EXHUMATION OF THE YOUNGEST HP ROCKS, AT PLATE TECTONIC RATES, DURING PLIO-PLEISTOCENE CONTINENTAL EXTENSION IN SE PAPUA NEW GUINEA
Recent fieldwork in the eastern Prevost Range of Normanby Island, ~50 km SW of the rift tip, has documented the presence of retrogressed blueschists in the deepest structural levels exposed on the domal, northeastern part of the island. The main foliation in the range is interpreted as an exhumation-related lower plate fabric. This fabric dips 10-20° SSW and has a strong SSW stretching direction and shear fabrics indicative of top-to-the-NE shear, parallel to sea floor spreading in the adjacent WWB, suggesting that extension in the continental and oceanic crust are kinematically linked.
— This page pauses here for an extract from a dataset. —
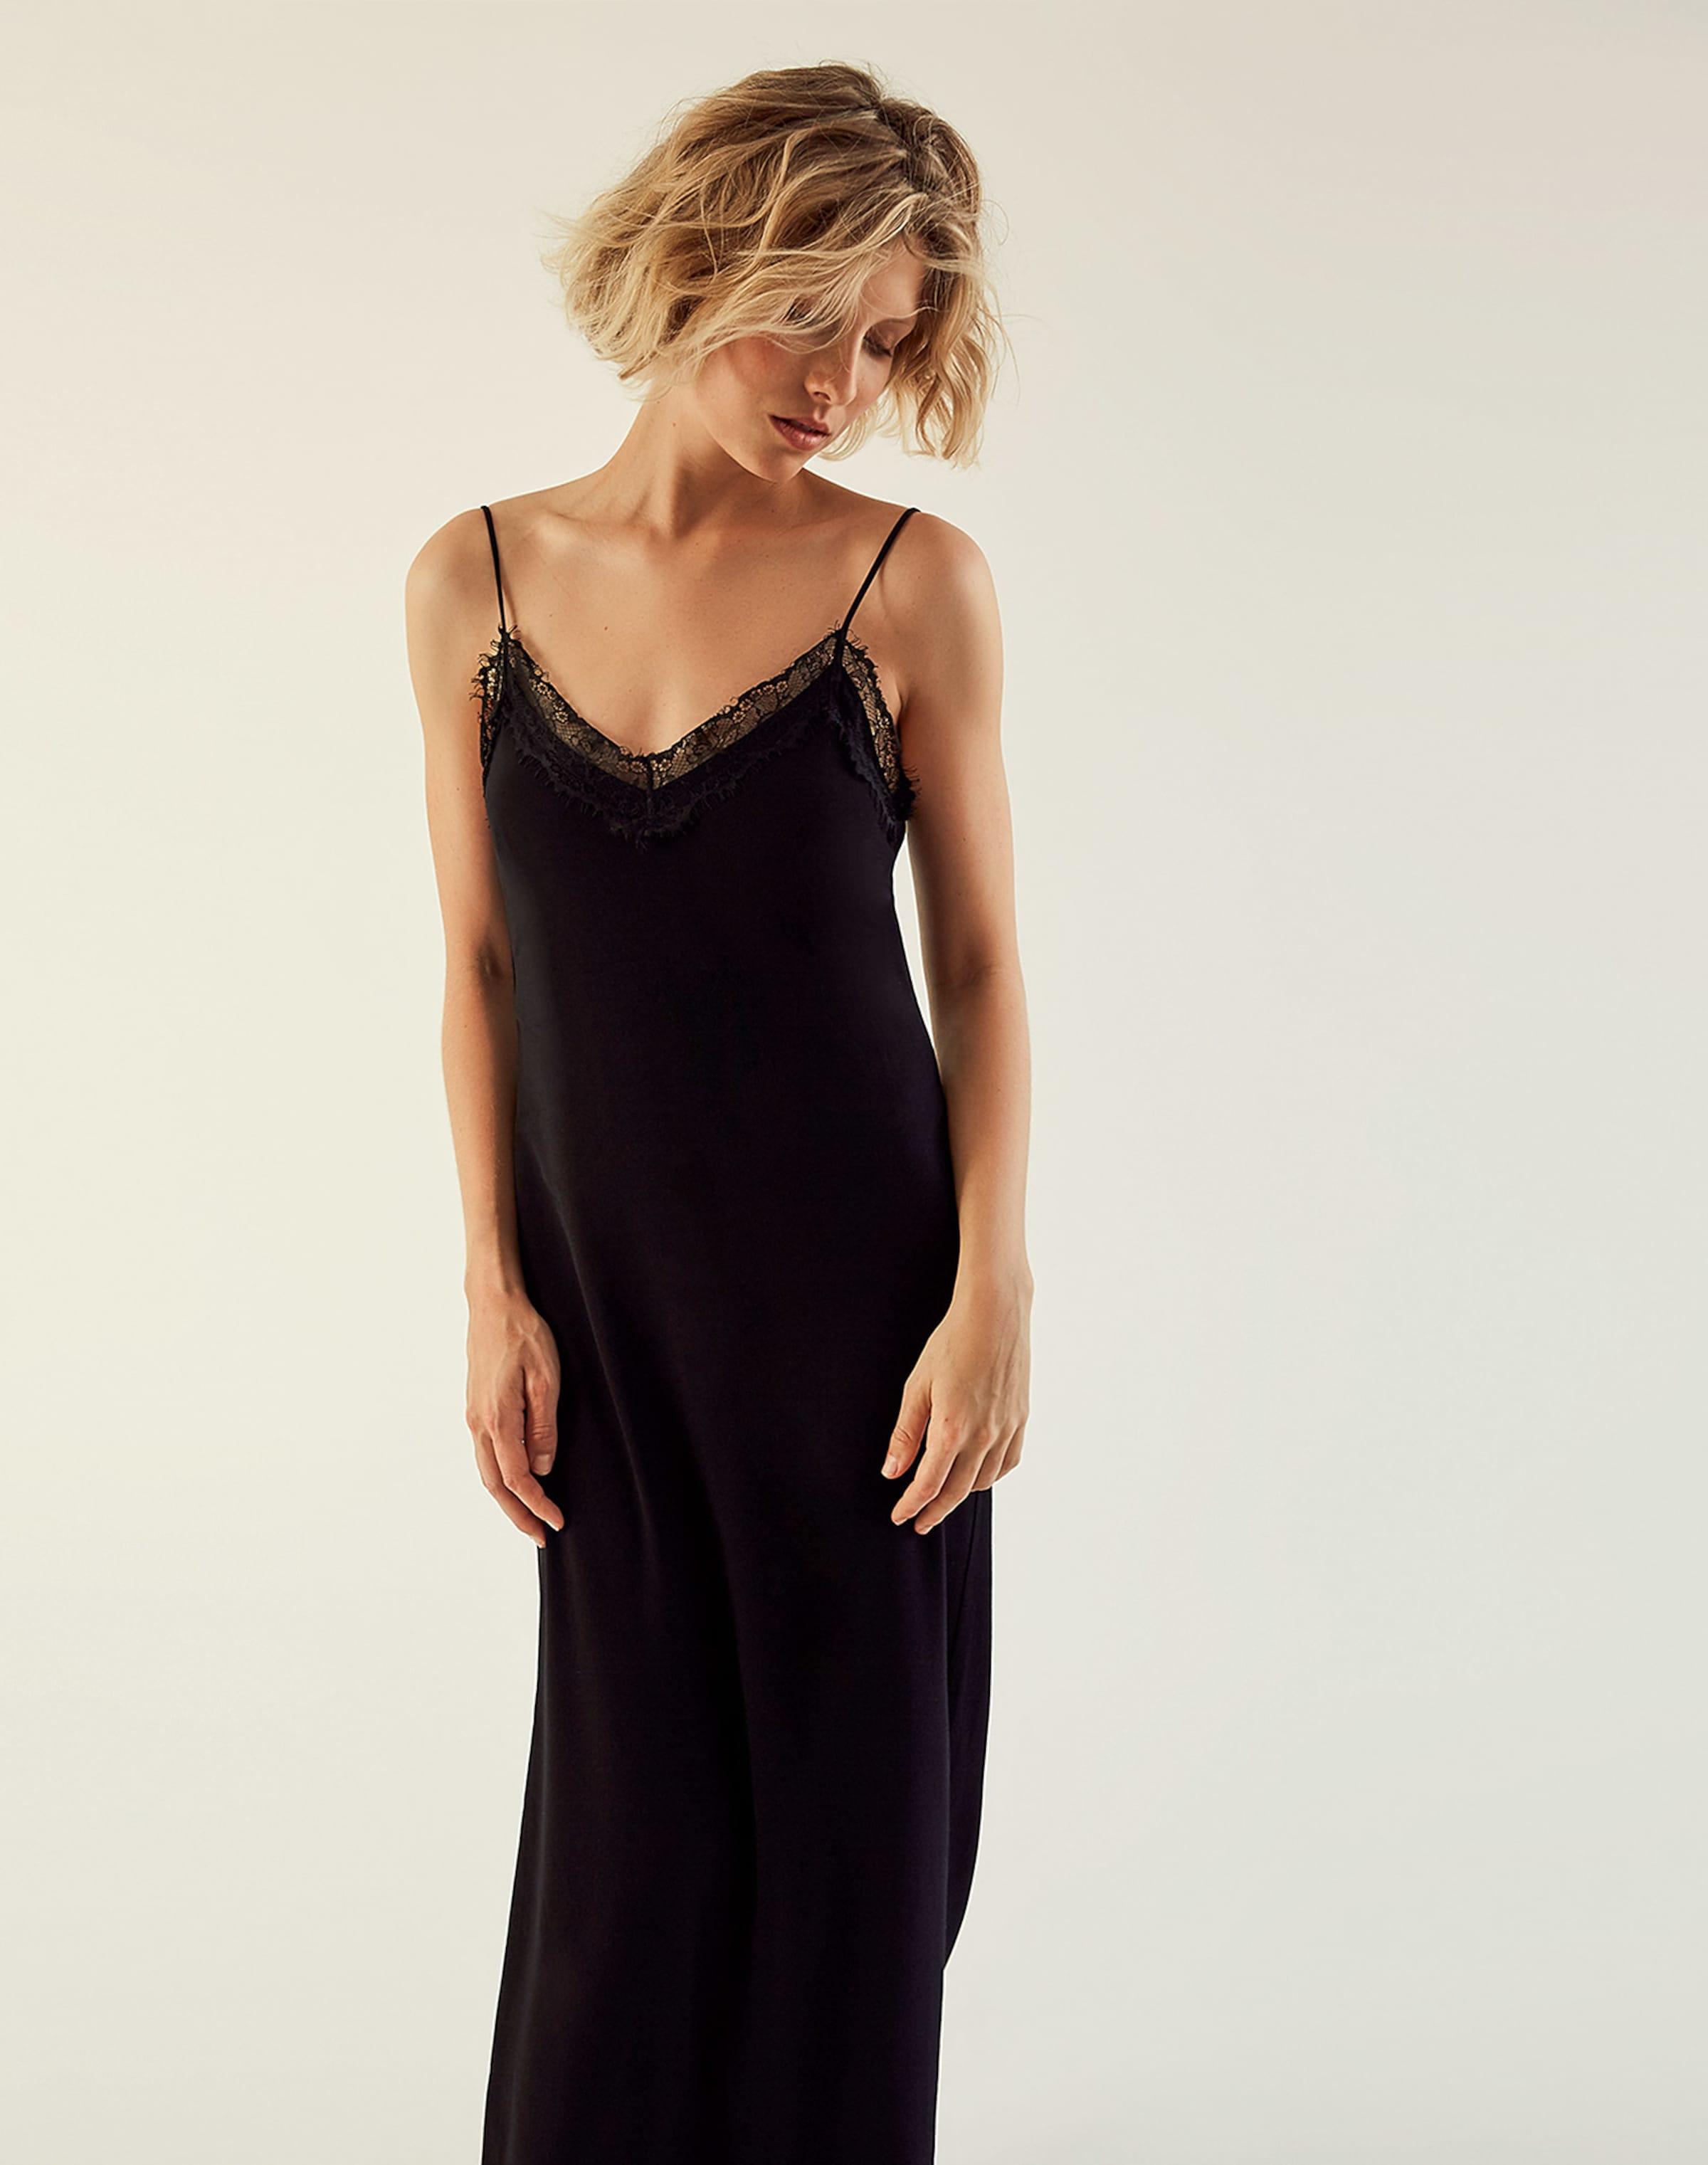 Schwarz Dress Ivyamp; In In Ivyamp; Ivyamp; Oak Oak Schwarz Dress NOv8nwm0y

Active NNE striking normal faults and/or transfer faults post-date the main foliation and tilt the range westward.
The discovery of retrogressed blueschists on Normanby Island, together with 1) eclogite relics preserved in the lower plates of mccs on Fergusson and Goodenough Islands and 2) blueschists previously reported in the Dayman Dome on the Papuan Peninsula, lead us to propose that a regionally extensive subduction complex was exhumed during continental rifting associated with the reorganization of the Australian-Solomon Sea/Woodlark plate boundary zone. The plate tectonic rates at which these HP rocks were exhumed indicate that the transition from convergent to extensional tectonism and accompanying decompression reactions can occur on timescales < 1 Ma. Ongoing P-T-t-D studies will determine whether the blueschists were exhumed during convergence, or during subsequent continental extension associated with the propagation of the WWB spreading center.